--- Directions ---
Everything from the line with "Canaries - Tenerife" through the last line of the data below should be copied exactly, apart from the pictures.

Start of Data below

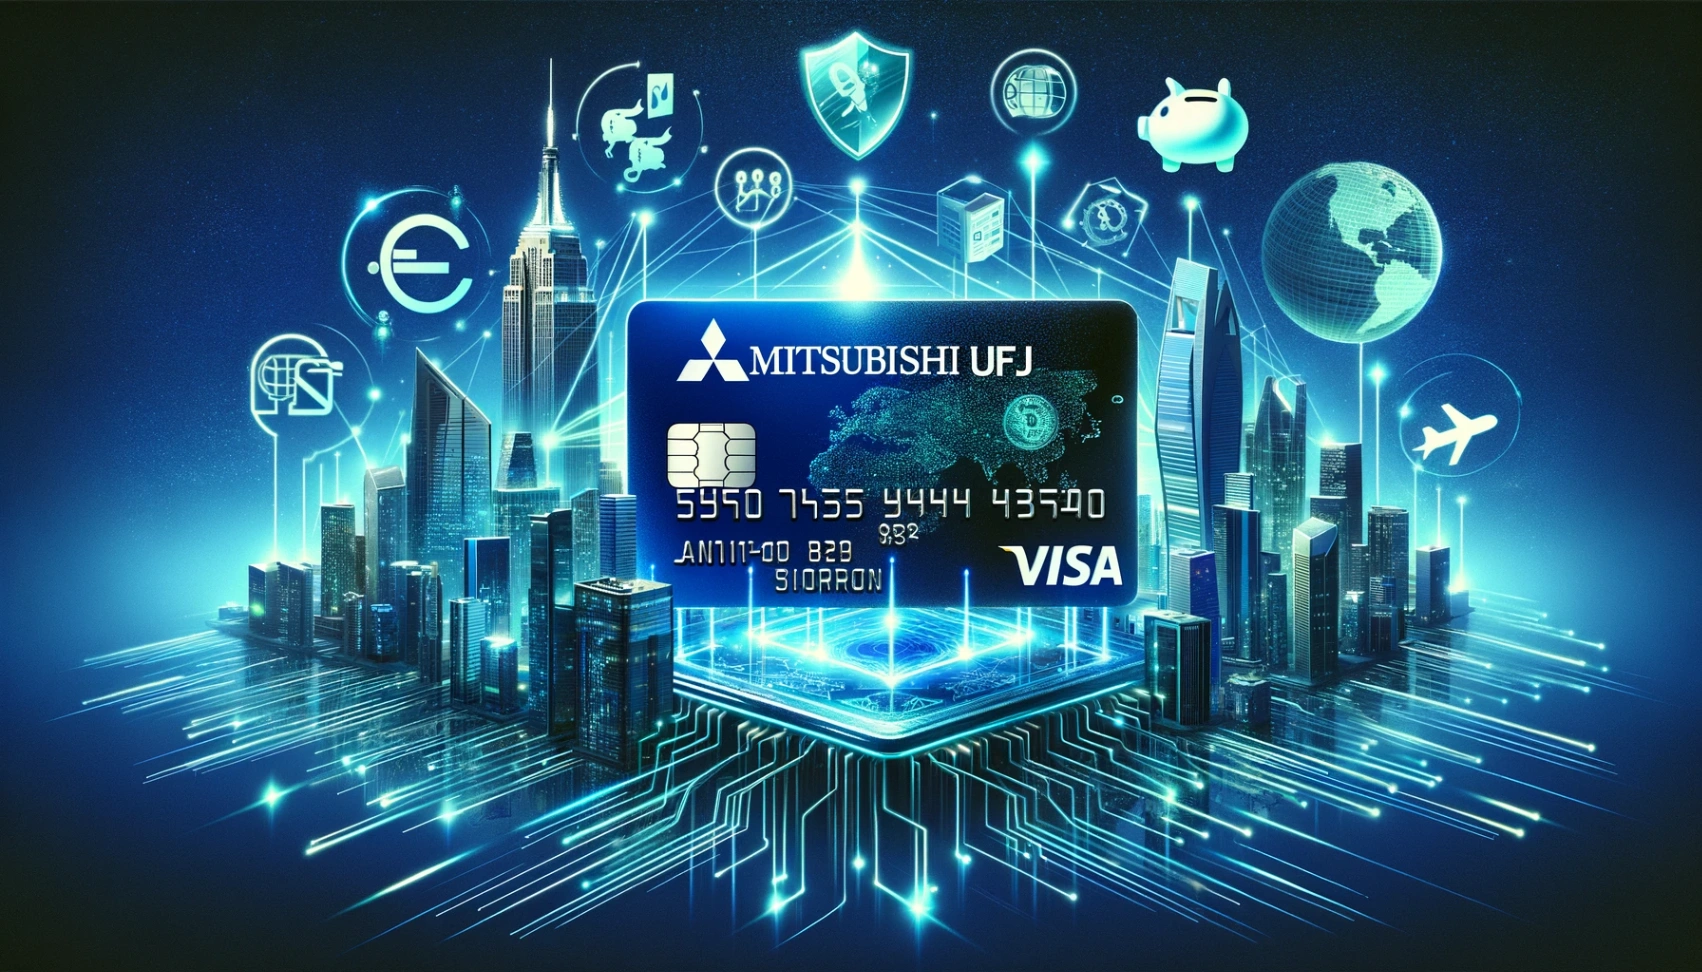 Mitsubishi UFJ-VISA Card – Learn How to Easily Apply
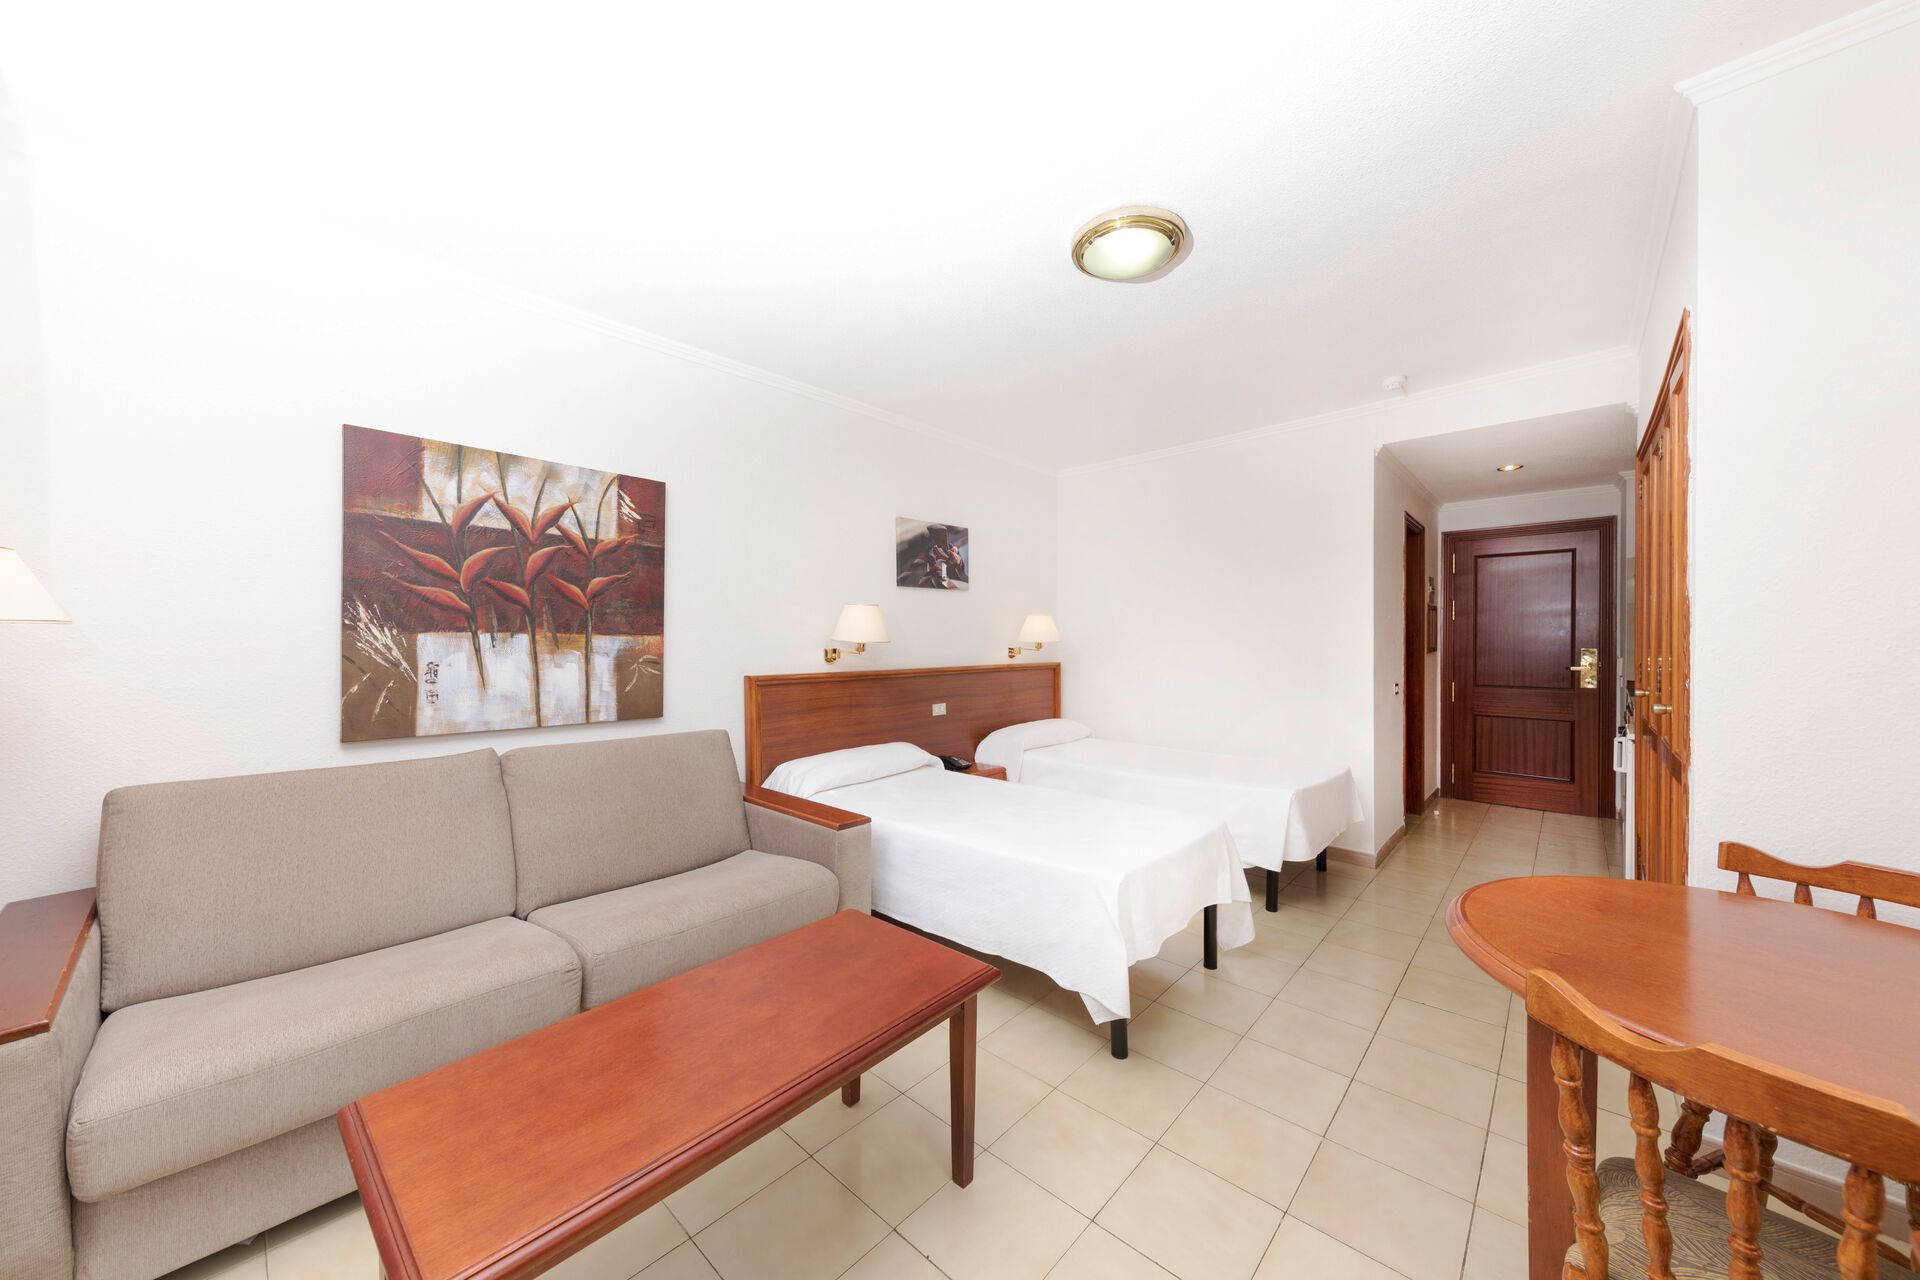 Canaries - Tenerife - Espagne - Hotel Be Smart Florida Plaza 3*
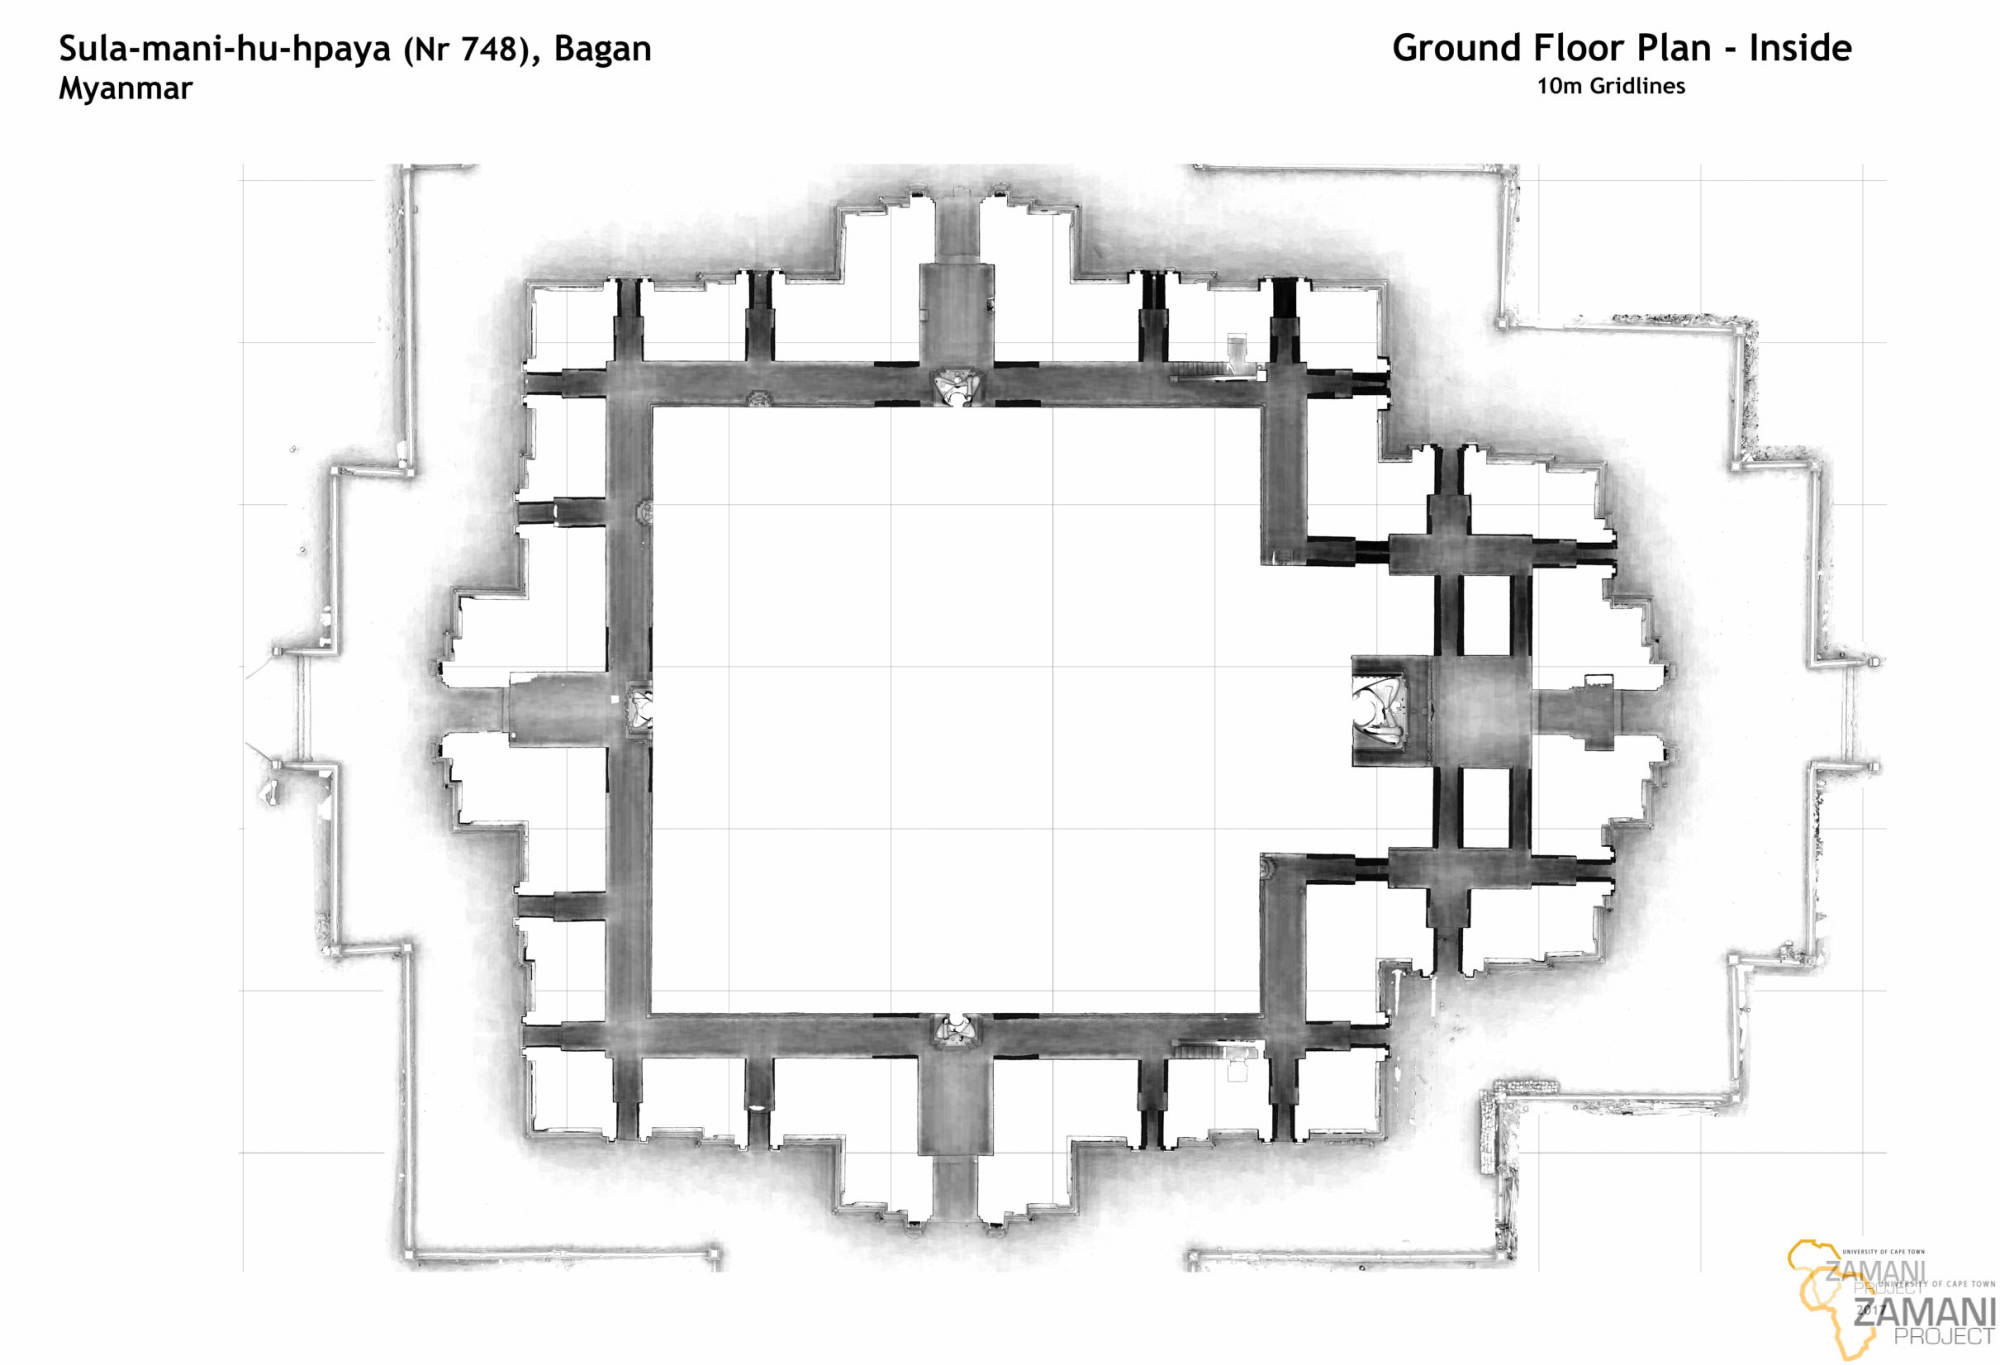 Ground Floor Plan of Sula-mani-hu-hpaya

End of Data below

--- Exercise solution ---
 Canaries - Tenerife - Espagne - Hotel Be Smart Florida Plaza 3*
 Ground Floor Plan of Sula-mani-hu-hpaya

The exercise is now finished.